Cam pointed out he had gone to New York "for Adidas." … "Like an NBA Jams type video," his father said.
Then a more recent trip up there: "His representative from Nike invited him to pick two other players to go up to New York and play against other three-on-three teams," his mother said. "That was just a few weeks ago."
If they're remembering everything, that's a dozen states plus the two foreign countries. Still to come, another USA Basketball mini-camp in Colorado in October. You don't complain about being selected to represent your country in an international competition. You do suffer the pain of a defeat to Canada at the U-19 World Championships. You don't realize you'll end up in Dulles Airport after a flight from Egypt through Germany, with no way to get to Augusta, Ga., for your important Peach Jam game because your late-night flight just got canceled.
"Something happened in the airport, so there were no flights going out that night," Reddish said. "I was sitting there for like hours, hoping my flight would come back."
Since his parents had gotten delayed on their separate flight, his grandfather saved the night by driving two and a half hours down from Norristown, and brought him back to Philly to get a flight from here. He got home about 3 or 4 in the morning, had a 10 a.m. flight.
"I washed clothes — took a nap — woke back up, put it in the dryer," Reddish said. "Woke up again, threw it in a bag."
To review: The commute was Cairo to Frankfurt to Washington to Philadelphia to Charlotte to Augusta. Reddish got to the game and scored 44 points — yes, 44 (although brother Aaron insists it was actually 46) — but Team Final went down in the Peach Jam play-in game, a tough, tough loss. At that point, Team Final would go to sort of a consolation tournament sponsored by Nike close by in South Carolina.
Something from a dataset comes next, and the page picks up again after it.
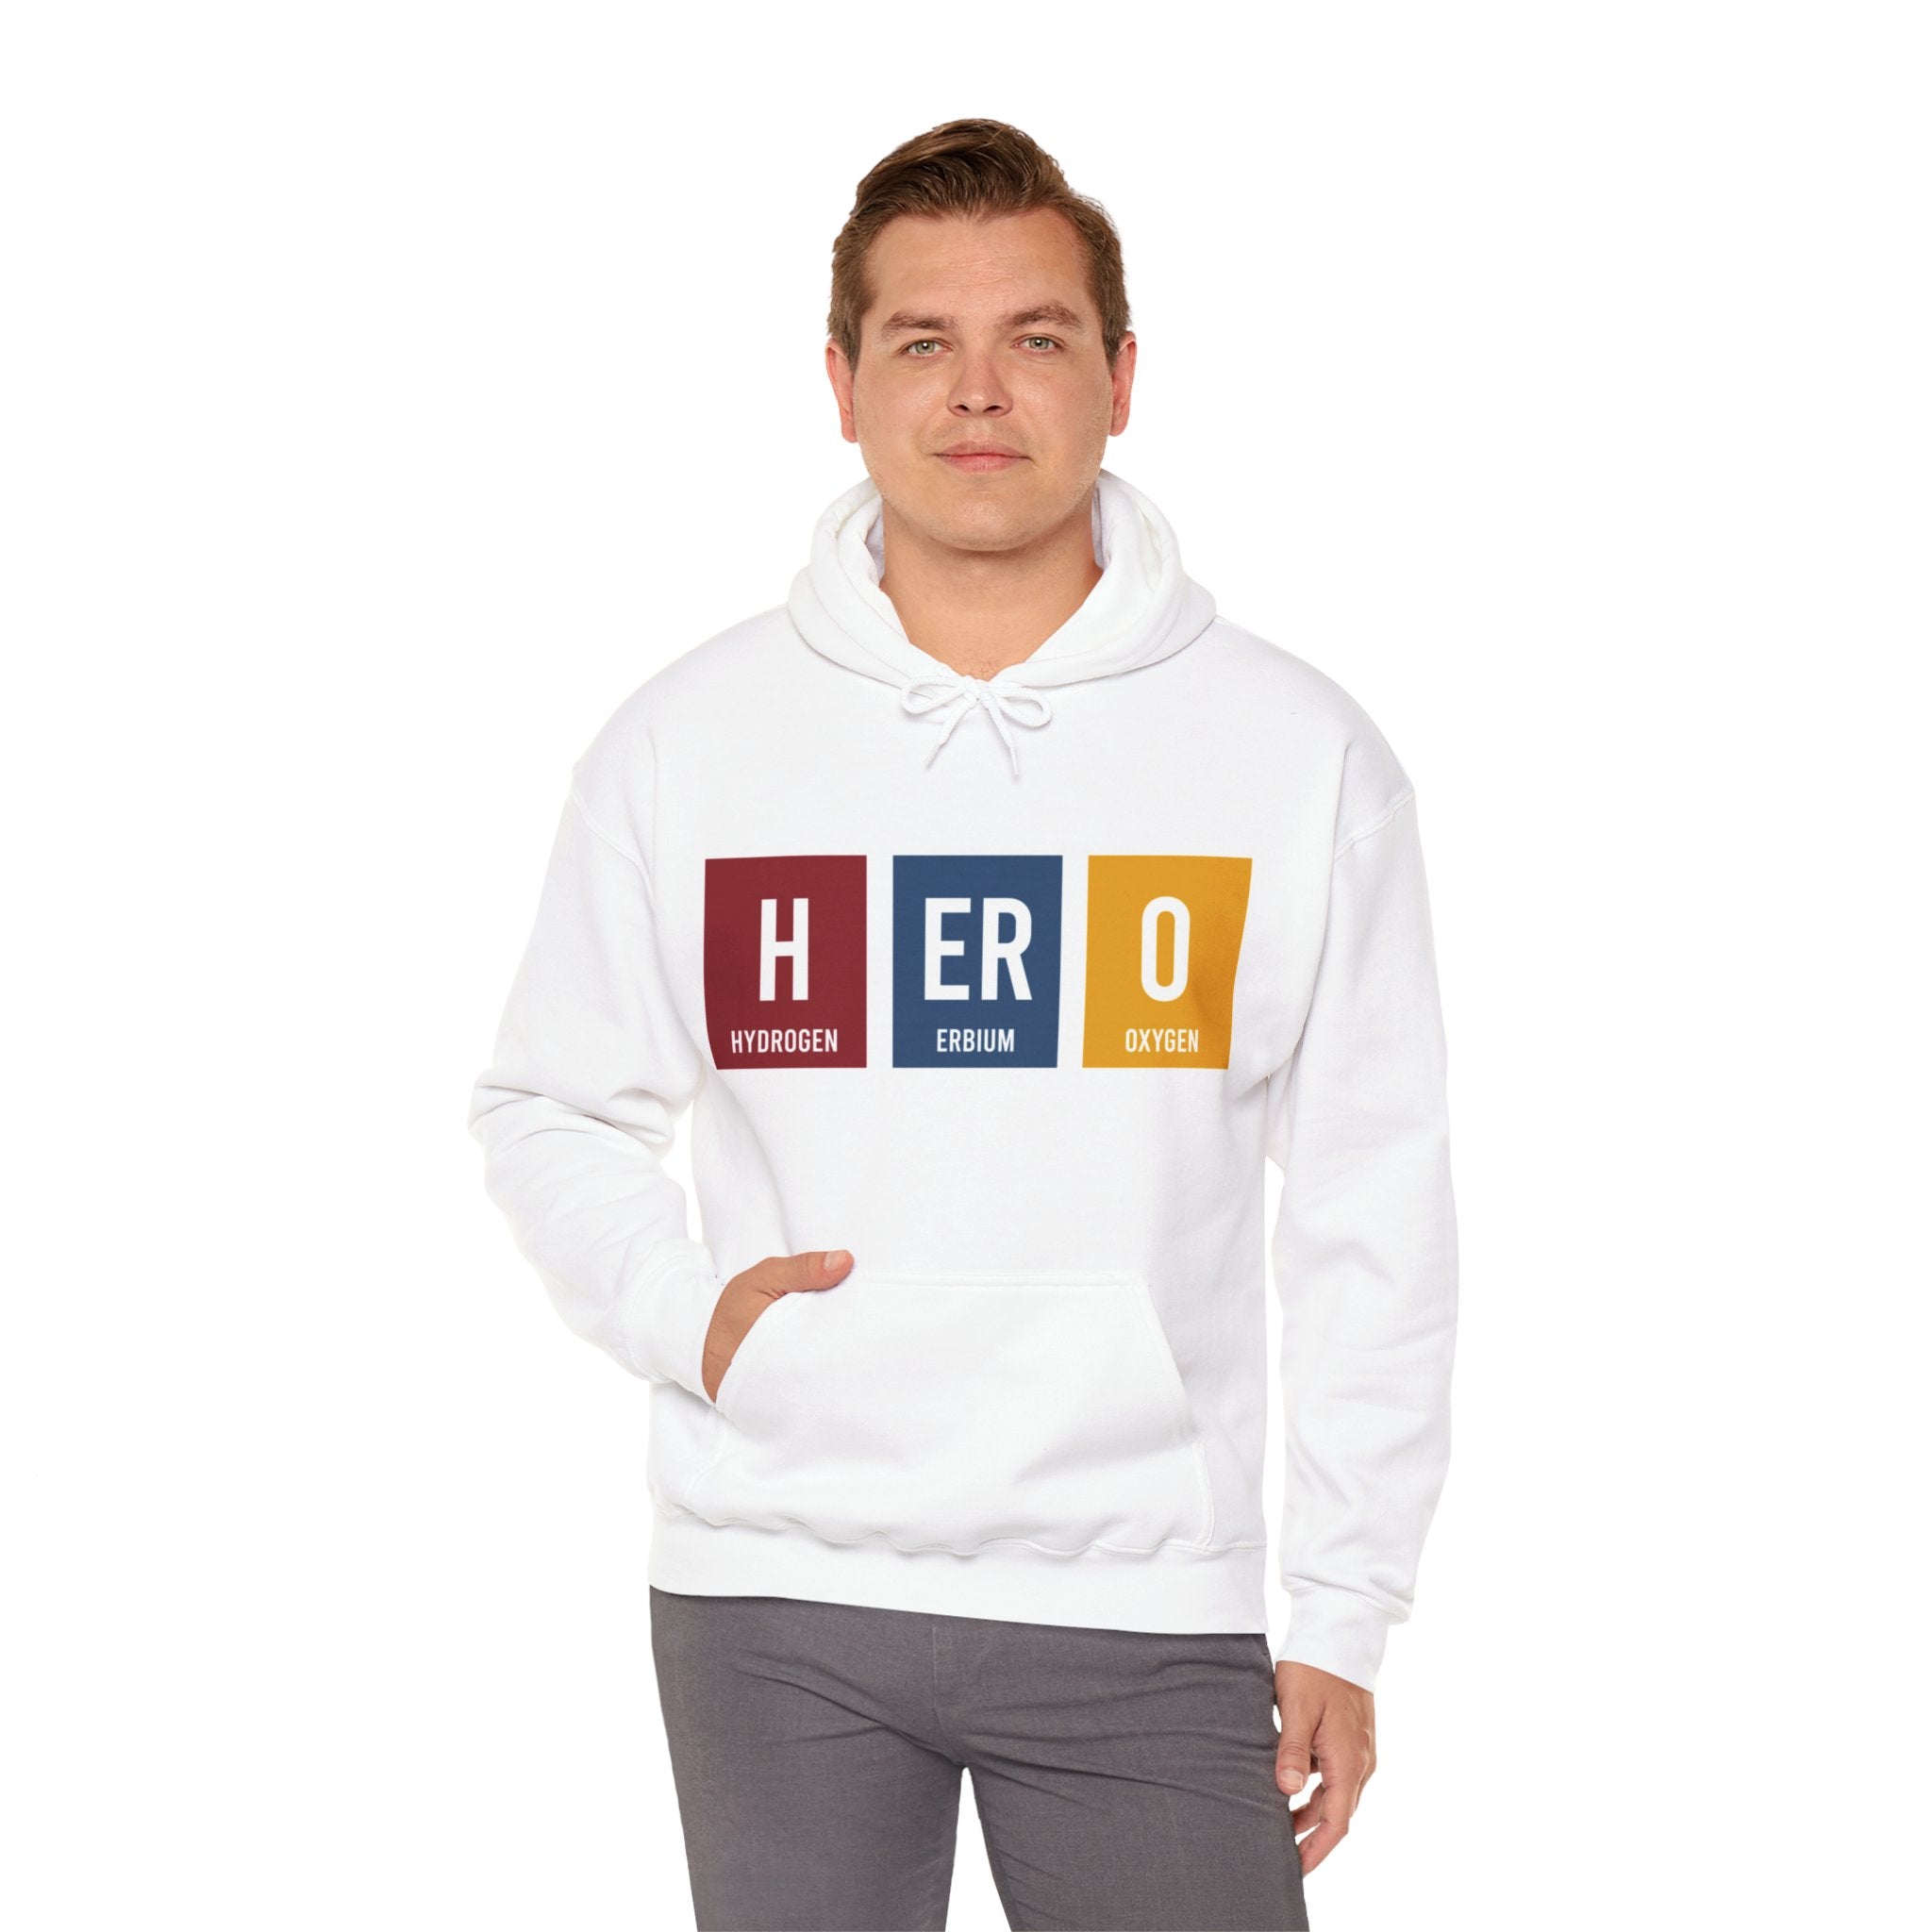 A person wearing a white HERO - Hooded Sweatshirt stands with their hand in the hoodie pocket, embodying subtle heroism.

"That night, my husband and I had talked — Cameron really wasn't part of the discussion — Bob and I had talked," Zanthia Reddish said. "You know what, he needs to take a break."
Not an easy decision. It just turned out to be the right one, they said. Their son had hit a wall. "His body was just worn down," his mother said.
Little things he has done over the course of the year to try to rest and relax? Listening to Rick Ross was a favorite for that. "Not super-hyped," he said.
For all his breathtaking skills, Reddish isn't claiming to be a finished basketball product. He works with a personal trainer, Pooh Evans, older brother of NBA guard Tyreke Evans. Asked what he needs to improve on, Reddish immediately said his motor and his defense. He could get away with gliding a bit during high school games, he said, but knows that won't be true at the next level.
Acknowledging that he has never seen a player as busy as Reddish was this summer, his Team Final coach, Aaron Burt, said the talent is something else. It's not that the game has come too easily for Reddish as much as his skills all showed up early. He hasput in the work.
"Cameron can make a shot with his left hand, going around his back, sitting from halfcourt," Burt said. "Now, he has to focus and hone in. If he does that, this kid can be one of the best to ever play the game of basketball."
Keeping away from the court also only went so far. Zanthia Reddish, a Norristown High graduate, is an elementary school principal in the Methacton School District. Her son, who went to the Haverford School as a freshman before transferring to Westtown, can get in there to shoot around. She was surprised to see him show up in recent days.
Their driveway wasn't a current option. The rim was gone. There was a backboard, and the court itself was well worn, paint thinning. No rim?
Cam's brother Aaron, starting his freshman year at Westtown, identified himself as the culprit. This summer, Aaron went up for a dunk, the rim came off. "Boom," Aaron said.
"That basketball court has been through a lot," their mother said. "When we built this home, that's one of the first things we did, was put a basketball court in. The house wasn't even settled, in 2004. And so it began."